Monday, February 18, 2019

The value of non-profit: Dryad and California Digital Library

Workshop: Accelerating Data Publication: new models for research institutions. Melbourne 8 Feb 19.

I attended a workshop the other day, where John Chodacki, Director, UC Curation Center, California Digital Library, pitched an idea for a Data Repository, run by the non-profit organisation, Dryad. Dryad, accepts researcher's data, for (as John mentions) around an average $120USD processing fee, which covers the curation cost to check all submissions (data files and data description), and to hold the data long-term to support a publication related to the data. Here are the slides and Etherpad. Per Dryad's website, the charge per publication is calculated as a $120USD processing fee plus a storage fee if a researcher submits over 20Gb data ($50 per 10Gb). Most datasets come under the data cap, John says. This fee is waived, upon request, for researchers from lower  - middle income countries (per World Bank definitions).

John had another idea, for how to use Dryad, for his University of California (UC) researchers. UC had been considering building their own repository from scratch, but thought their funds might be better spent building on top of an existing platform - where researchers were already depositing their data. Apparently 90,000 researchers (Slide 55) already have deposited data at Dryad, and Dryad provide data deposit for over 900 academic journals (Slide 55).

John's idea was to use Dryad as an Institutional service, where the University could pay an annual fee, then their researchers would no longer need to pay a per article data deposit fee. Talks with Dryad began, and they agreed to seek support of other institutions to promote the new service. Fees were agreed on a sliding scale, where a big Institution would pay more (about $13,000 USD per year) and a smaller Institution would pay less (about $3,000 USD per year).

At the workshop I attended, there were representatives from a number of Australian Universities and research organisations; RMIT, Deakin, Victoria University, CSIRO, University of Sydney, University of New South Wales, Queensland University of Technology, Aarnet, Monash University, plus myself and my colleagues from ARDC, the Australian Research Data Commons. In a final quiz item, the attendees said they were interested in the new service, but that they were not the ones to sign off on that type of purchase. It raised the question of what was the next steps. How could Australian institutions contribute to interest in this new idea for a repository? This blog post was one of those next steps.

There were a number of obvious benefits:
- paying a non-profit community run organisation, rather than a commercial provider, so it should be a little cheaper
- community can drive what the system looks like, and the functions can be responsive to community needs
- using a system that already has a lot of researcher users (over 60,000), and journal integration.
- using a trusted system (certified with CoreTrustSeal recognised certification).

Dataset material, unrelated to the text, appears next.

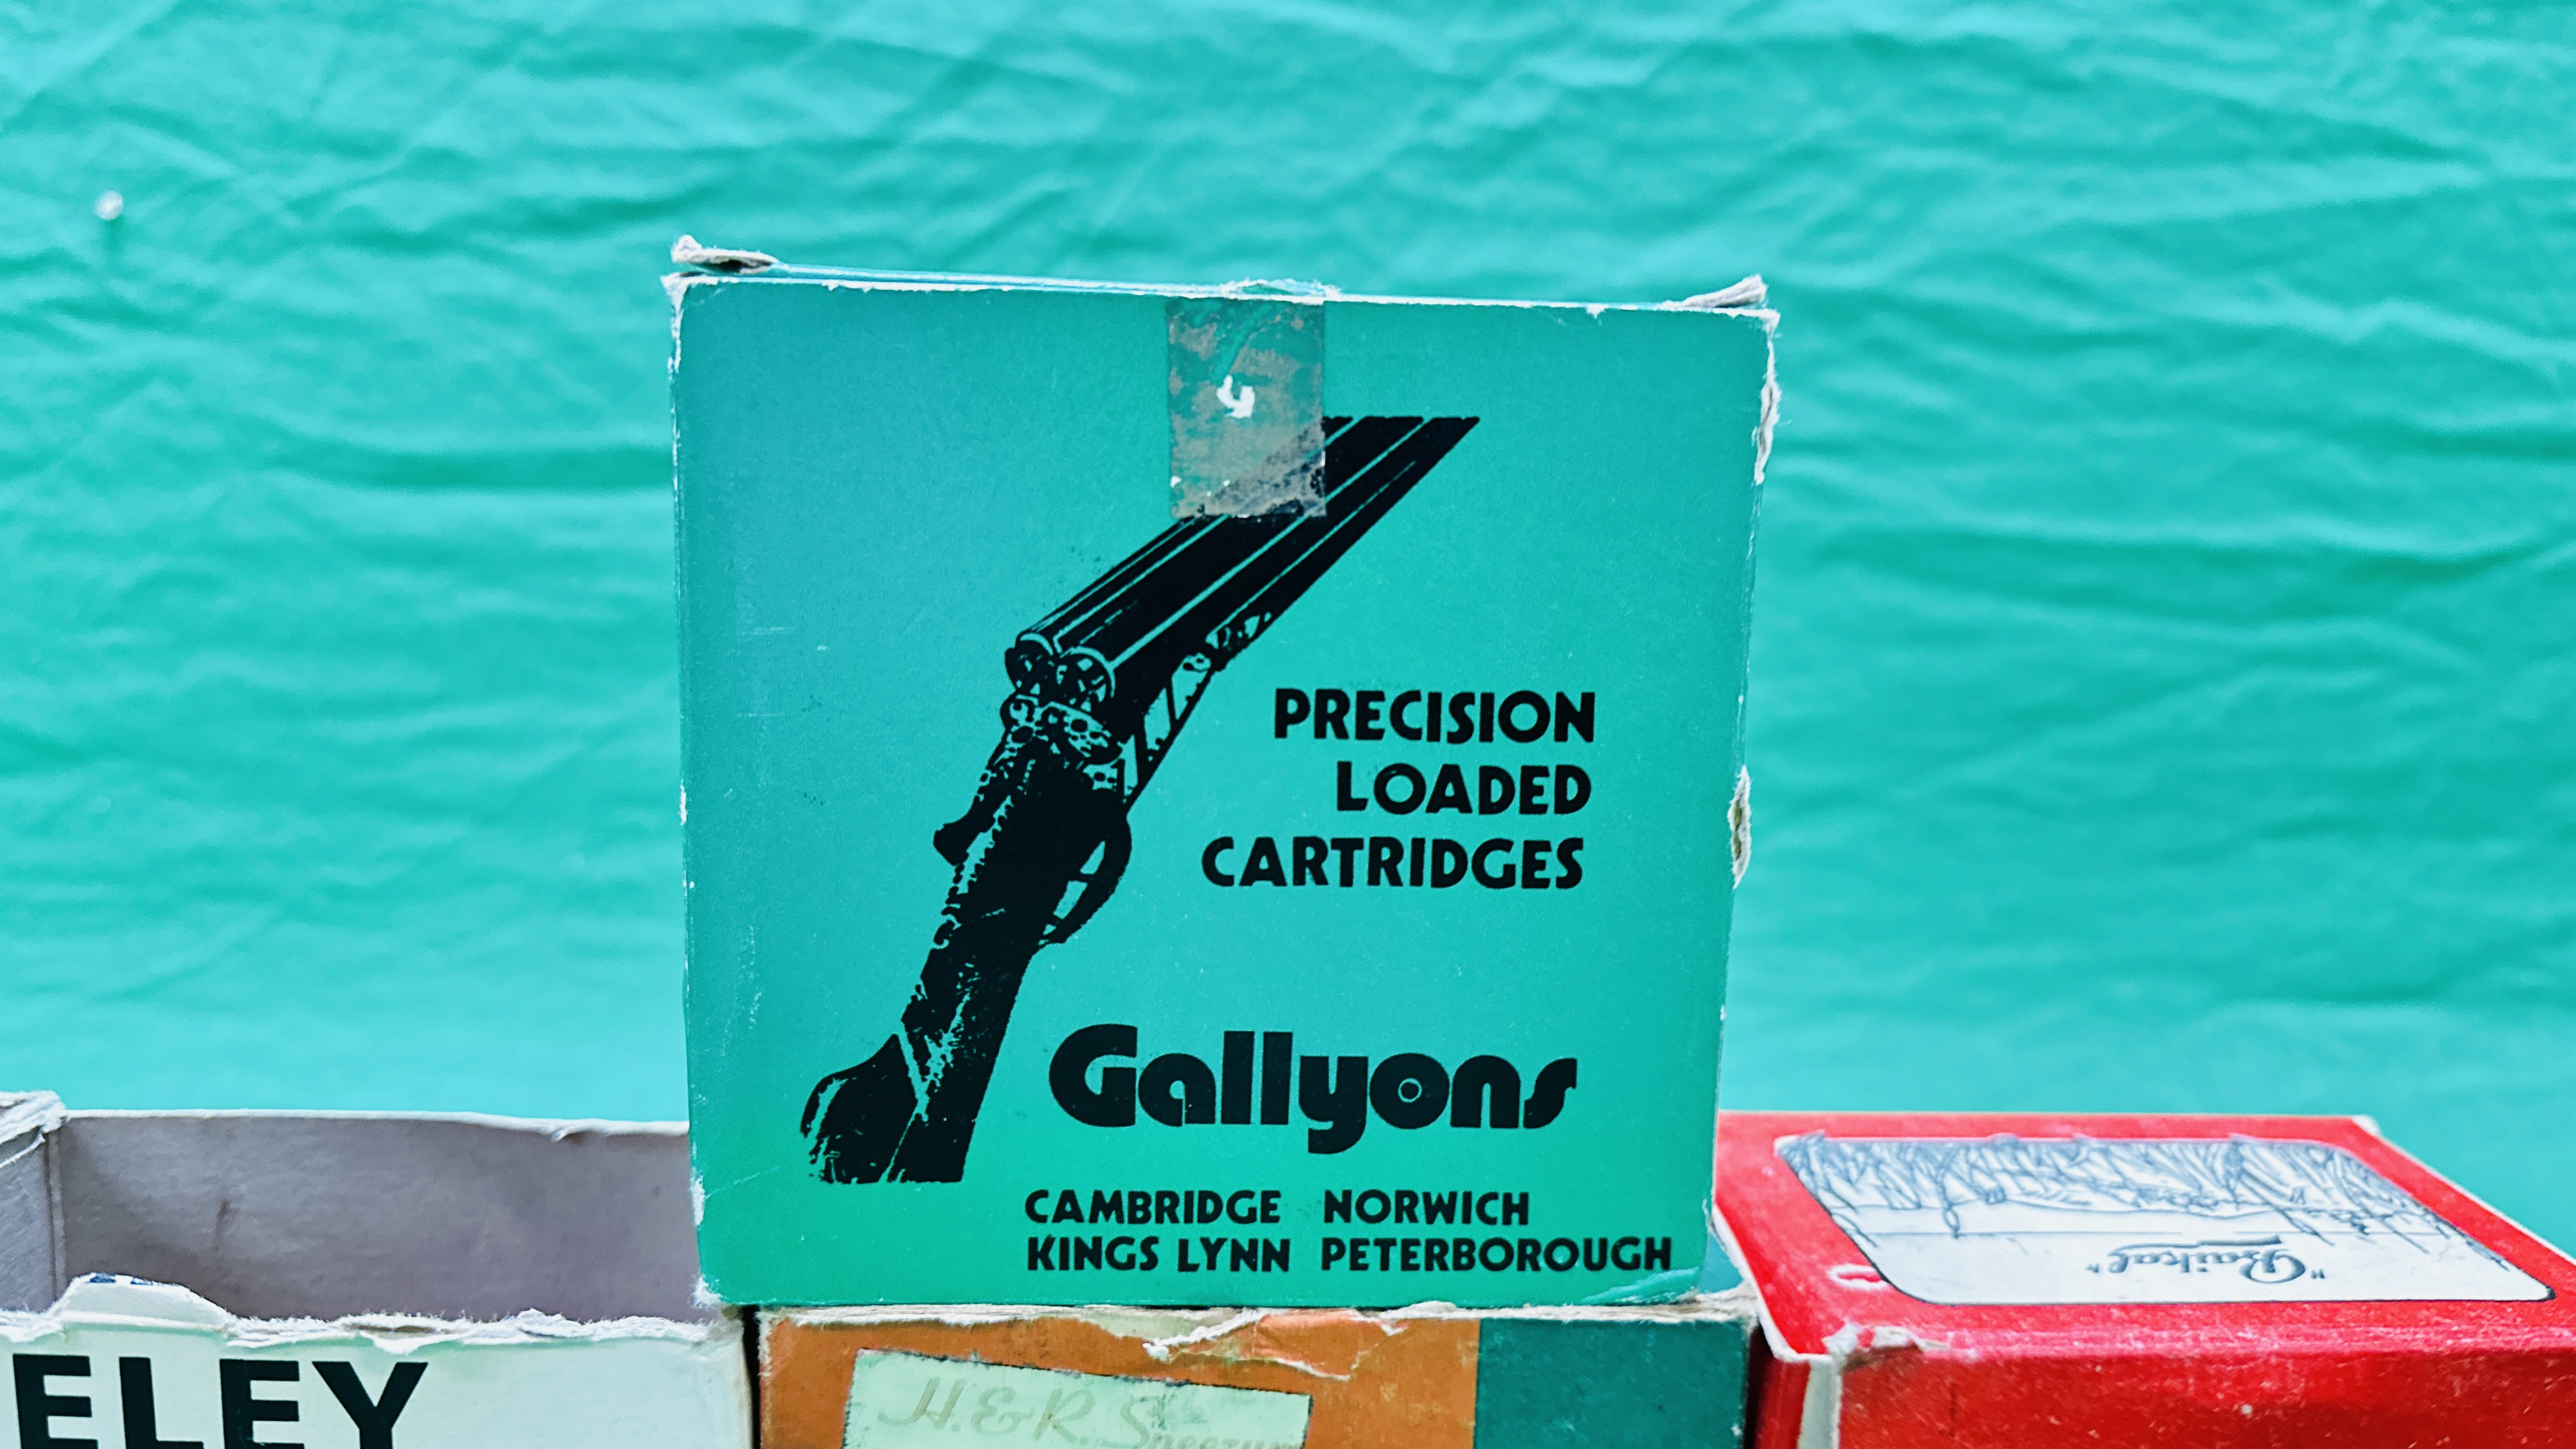 128 X MIXED 12 GAUGE CARTRIDGES INCLUDING COLLECTORS THREE CROWNS, HULL CARTRIDGE, GALLYONS, - Image 2 of 7

But there were some obvious challenges:
- if you were to use this system, how would we transition from our current system to this new system?
- would there be local support in Australia to help users, and help Institutions make a business case, and help researchers use the Dryad system?

There were a number of questions raised:
- where would the data be stored? In the US. But a copy could be kept locally.
- what about sensitive data, which has to be stored in Australia (or an equivalently privacy-protected jurisdiction ie not the US which has weaker privacy rules)? Dryad doesn't accept sensitive data, so where the data is stored should not be an issue.
- what size data can be sent to Dryad? (As a file up to 10Gb; and from a URL up to 100Gb)
- can we use specific data description types (vocabularies)? Should be fine, John said.
- can we get descriptions of data belonging to our Institutions, back into institutional systems? Contact Dryad for discussion.
- have CDL/Dryad talked to the Australian infrastructure provider, QCIF, who manages the RedBox repository? or Figshare? about how to create a win-win amongst the various repository providers? No, but there is enough room in the ecosystem to allow different repositories to service different users/
- were there any plans to have people in Australian to promote the services and educate institutions and users about the benefits of the system, like Figshare's sales team? Not at this stage.

Later that same day, I was at another event, and spoke to Natalie Meyers, University of Notre Dame, who is an ambassador for the Center for Open Science and interested in having more integrations with the Open Science Framework (OSF). She wondered if by engaging a larger community to join a Dryad Institutional service, there might be incentive to enhance the Dryad API to make it more consumable and its endpoints more interoperable with other open science platforms like OSF? John, in response, says the new software development work  at CDL/Dryad will provide exactly this type of opportunity by leveraging CDl's DaSH API (see API docs and github repo). 

So, it is obvious that the community needs to keep talking about what to do next, what questions are still left unanswered, and how to sell the idea to the money people at your institution. That will require at least in the beginning, glossy flyers, and ultimately a business case to assess the costs and benefits. See also the Dryad blogpost (May '18) announcing the partnership with CDL (follow up Oct '18 post).

If you have any questions, please post them in the comments section below and I will send them along to John (john.chodacki - at- ucop.edu) to answer.

NB: Where I work at ARDC, we have a policy of vendor neutrality, so this post should not be read as an assessment of the value of the CDL/Dryad service, but does seek to point out the many issues to be wrestled with in making a value assessment.
=
Thanks to Natalie and John for their feedback on this post.